What about green tea extract capsules?
Concentrated green tea extracts standardised for EGCG carry far more polyphenols per serving than a brewed cup, so it is sensible to separate them from iron by a wider margin than you would for a normal cup of tea.
I take iron for diagnosed anaemia and it does not seem to be working. Could tea be why?
It can contribute. Routinely taking iron with tea is a common, fixable reason for a sluggish response. Raise it with your doctor or pharmacist before assuming the dose or type of iron needs to change.
Key takeaways
- Green tea polyphenols, led by EGCG, bind non-heme iron in the gut and reduce how much you absorb from meals and supplements.
- The simplest fix is timing: take iron and eat iron-rich plant meals roughly an hour apart from green tea rather than together.
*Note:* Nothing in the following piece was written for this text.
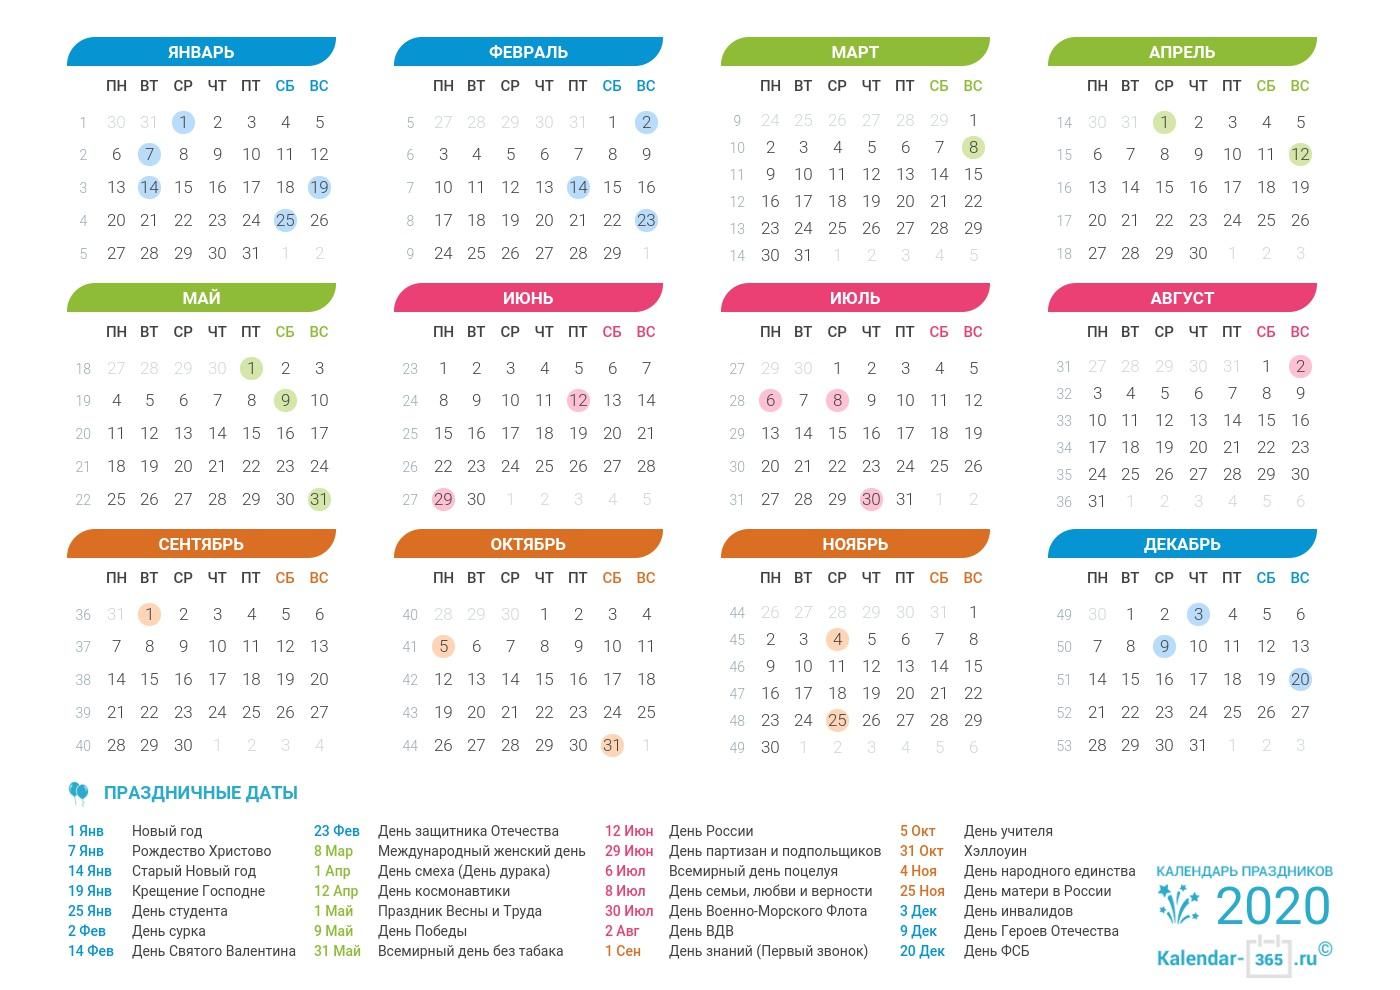 12 Мая: Все Праздники 12 Мая 2020 Года regarding Maya Calendar 2020
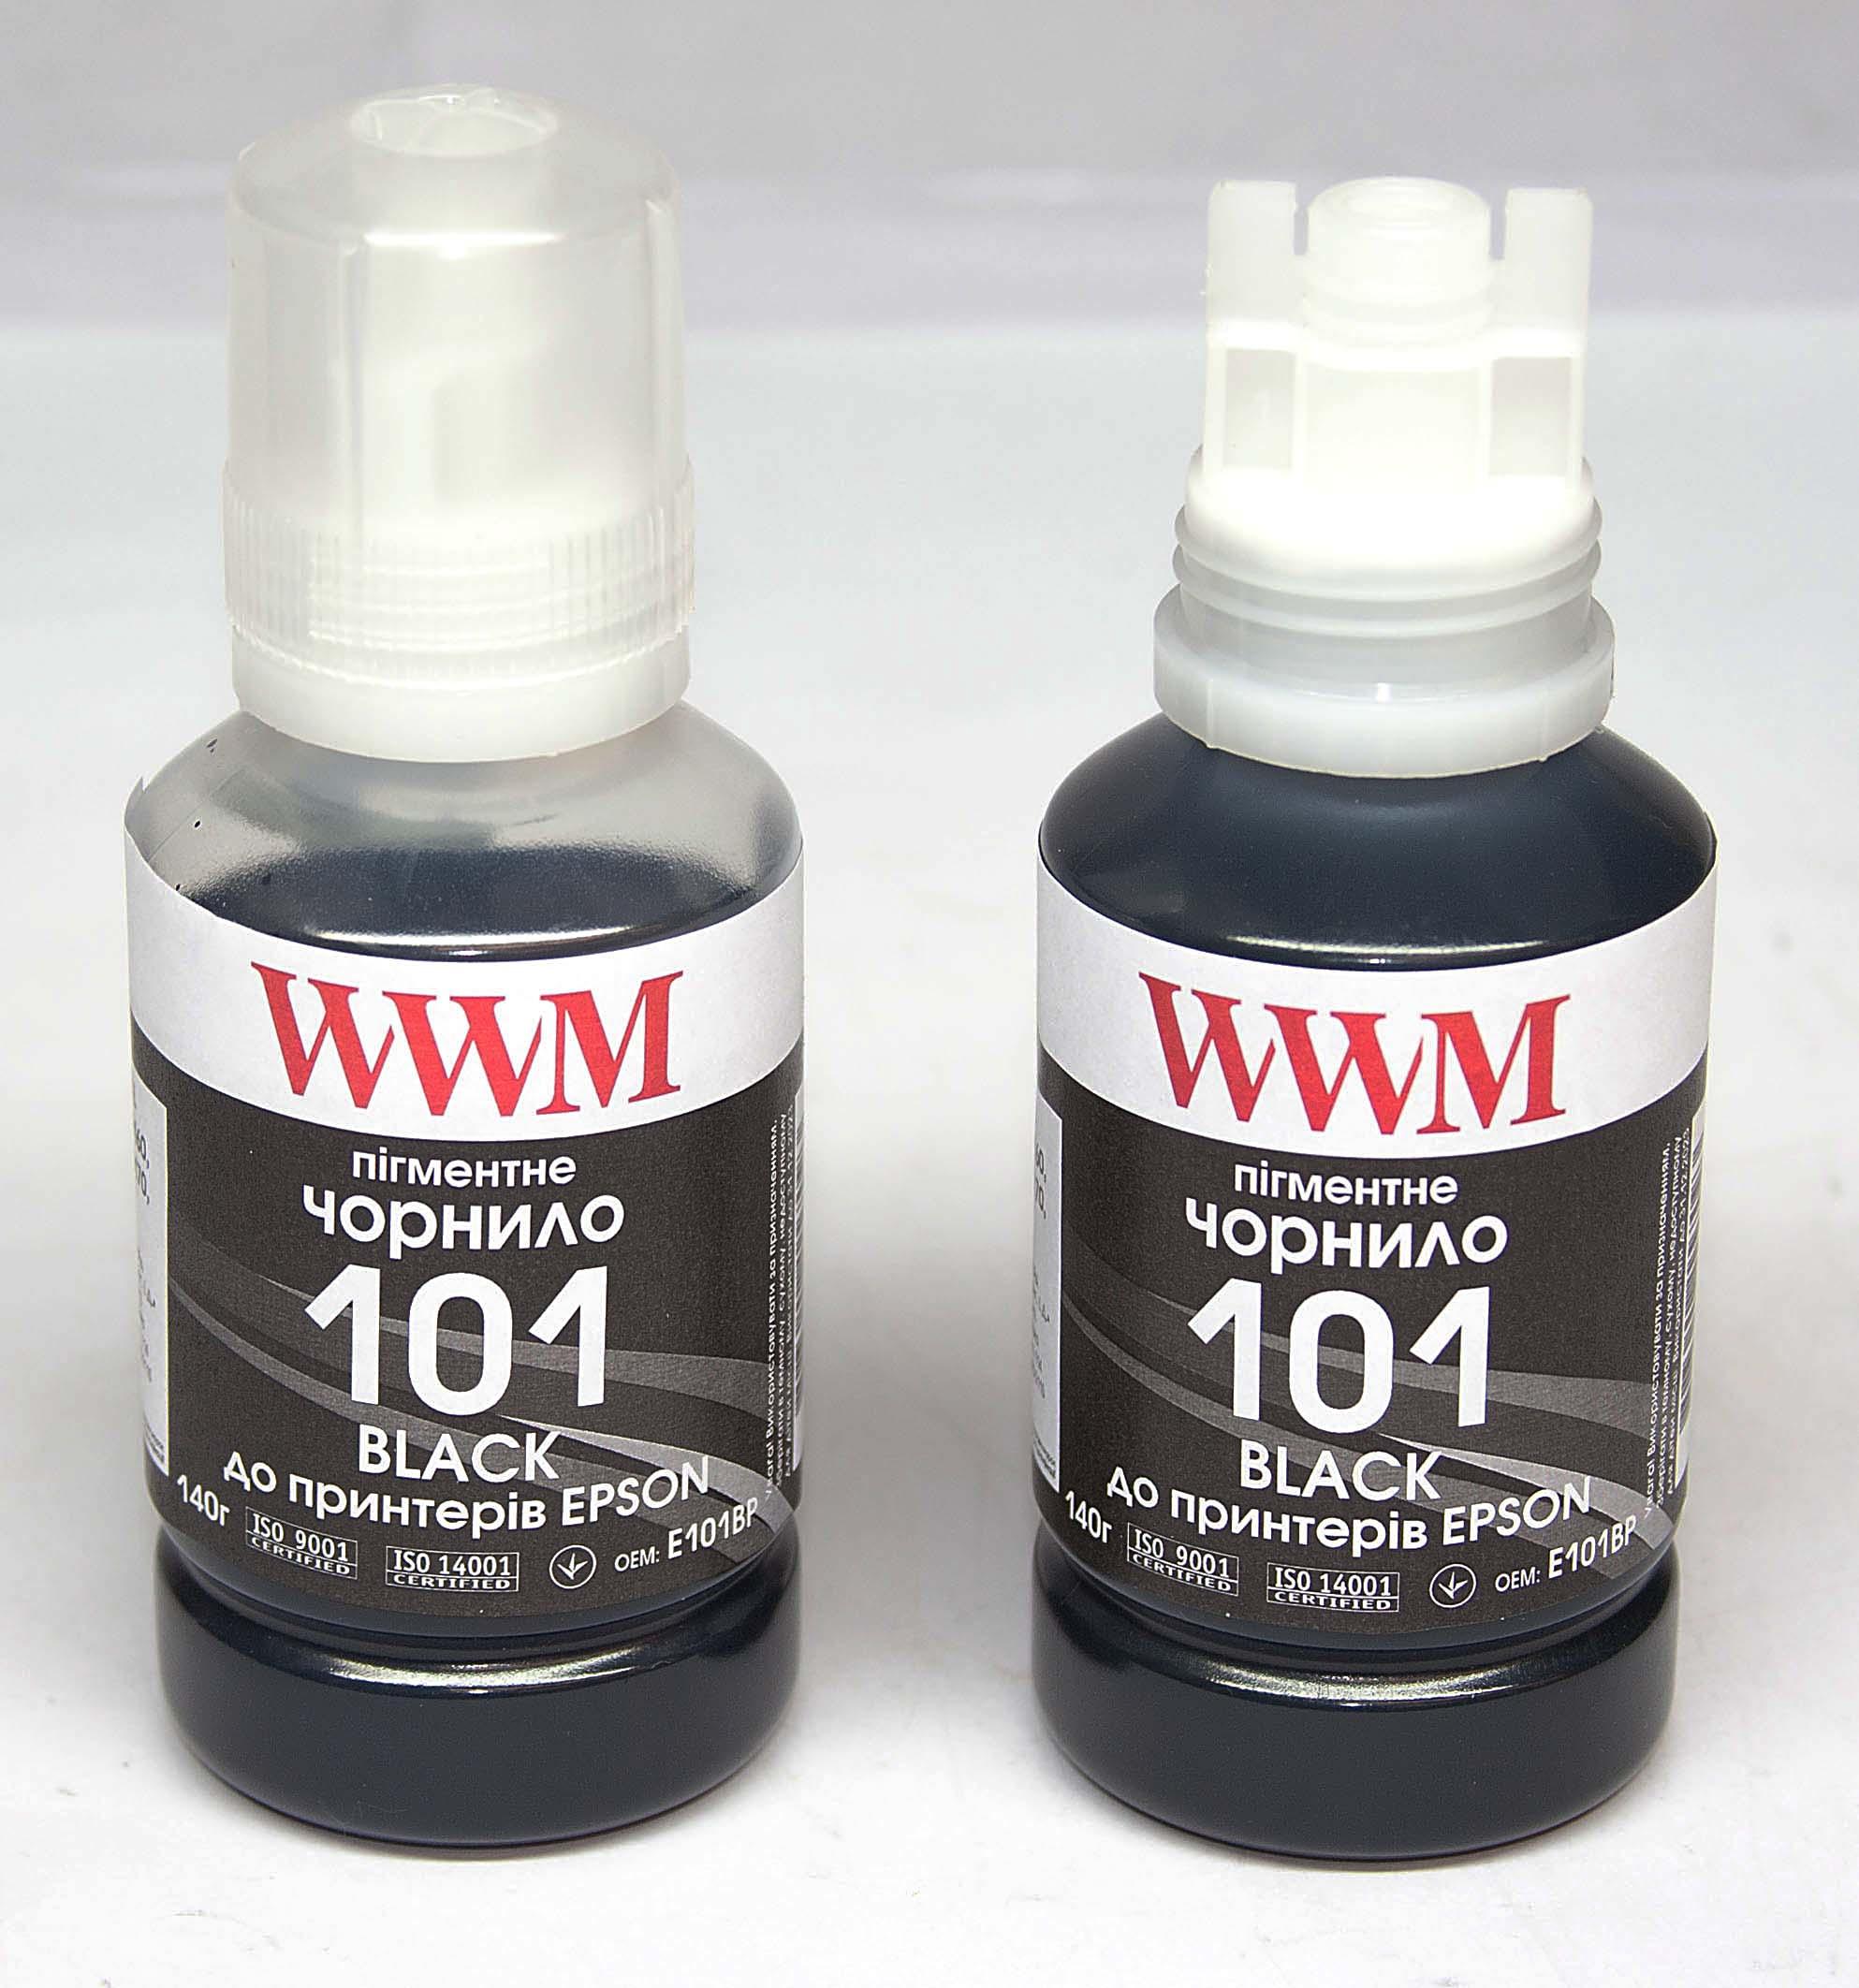 WWM 101

- Pairing iron with a vitamin C source, such as orange juice, helps offset the effect.
- It matters most for menstruating and pregnant women, vegetarians and vegans, blood donors, and anyone treating diagnosed iron deficiency.
- People with healthy iron stores and no risk factors do not need to avoid green tea; sensible timing is enough.
- If you are on prescribed iron, review your tea timing with your doctor or pharmacist rather than changing your treatment yourself.